What constitutes a decon?

“A decon means the back of the unit would need to be scrubbed down with some disinfectant,” Smith said. “And in this case, I believe the member should have changed his uniform also.”

He described the incident as highly unusual, but said the EMS system is stretched to capacity.

“They are just running constantly,” he said. “You know, they’re packing a cooler and leaving the firehouse and they don’t return. They are foregoing lunch breaks, just trying to figure out a way to use the bathroom when they are at the hospital. Basic human needs and they are not getting that.”

In a statement released by D.C. Fire and EMS, a spokesman said this about the incident, reading in part: “If exposed to potentially infectious material, members are to clean the area immediately. However, fluids from emesis or vomiting are not known to be infectious.”

“Between 11 a.m. to 1 p.m. on May 27, the Department responded to about 50 emergency medical calls. Given the call volume and need for transport units, the decision was made to send the unit on another run.”

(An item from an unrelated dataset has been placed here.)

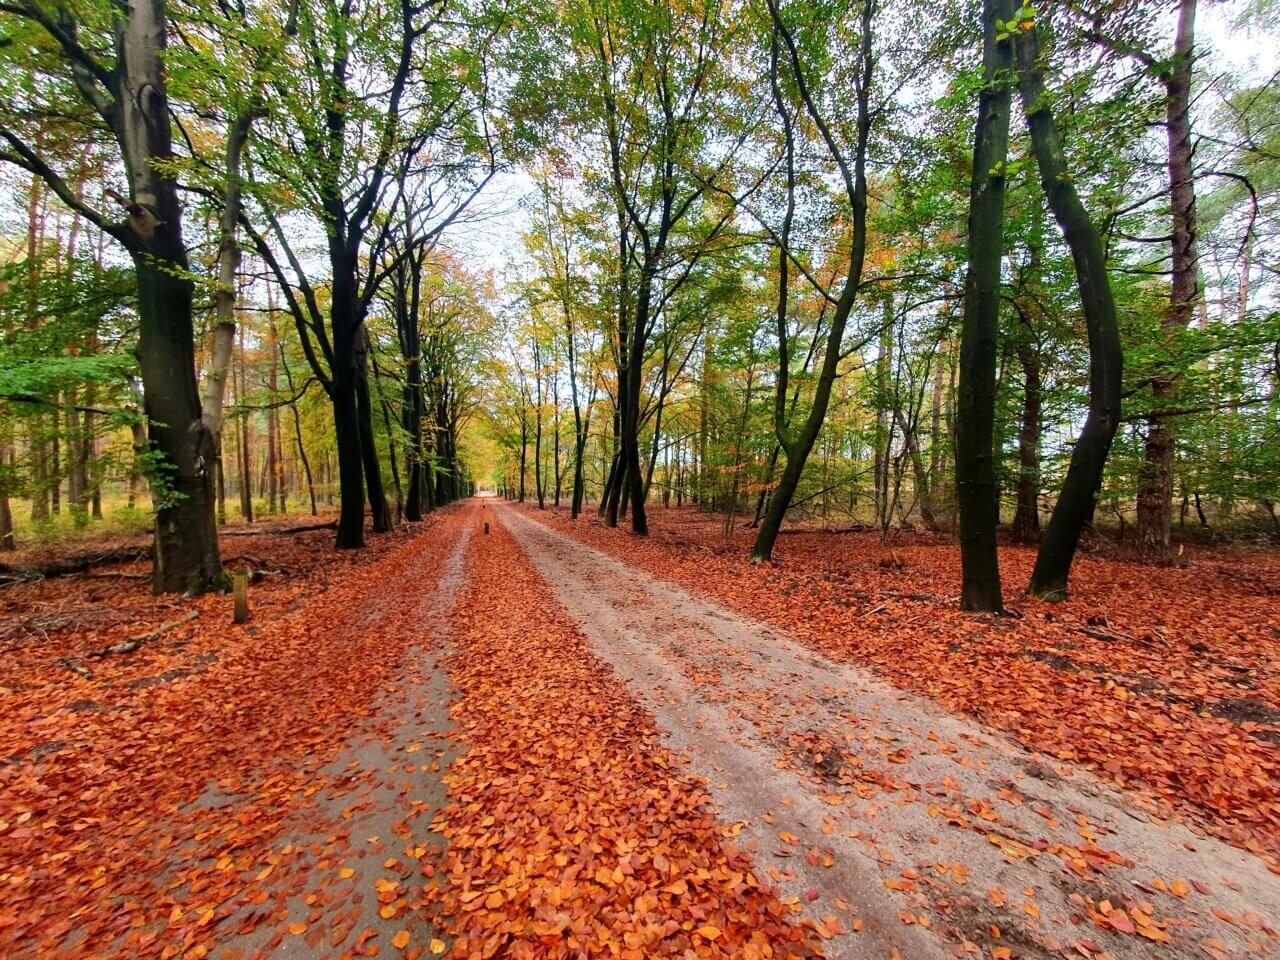 De Leuvenumse bossen in de herfst. Gelderland.

We also wondered what the Department of Health would have to say about the use of a contaminated ambulance. Here is its response, reading in part: “(The D.C. Department of Health) doesn’t technically have a policy or protocol for this specific situation … ideally (from a public health stand point) a medical provider should not be working with other patients if they have been vomited on and haven’t cleaned up. However, the most important factor is always saving residents lives and their ultimate safety.”

We should also note the contaminated ambulance was put in service on the same day and around the same time period where a 90-year-old woman was taken to a hospital on a fire engine after waiting 45 minutes for an ambulance that never came.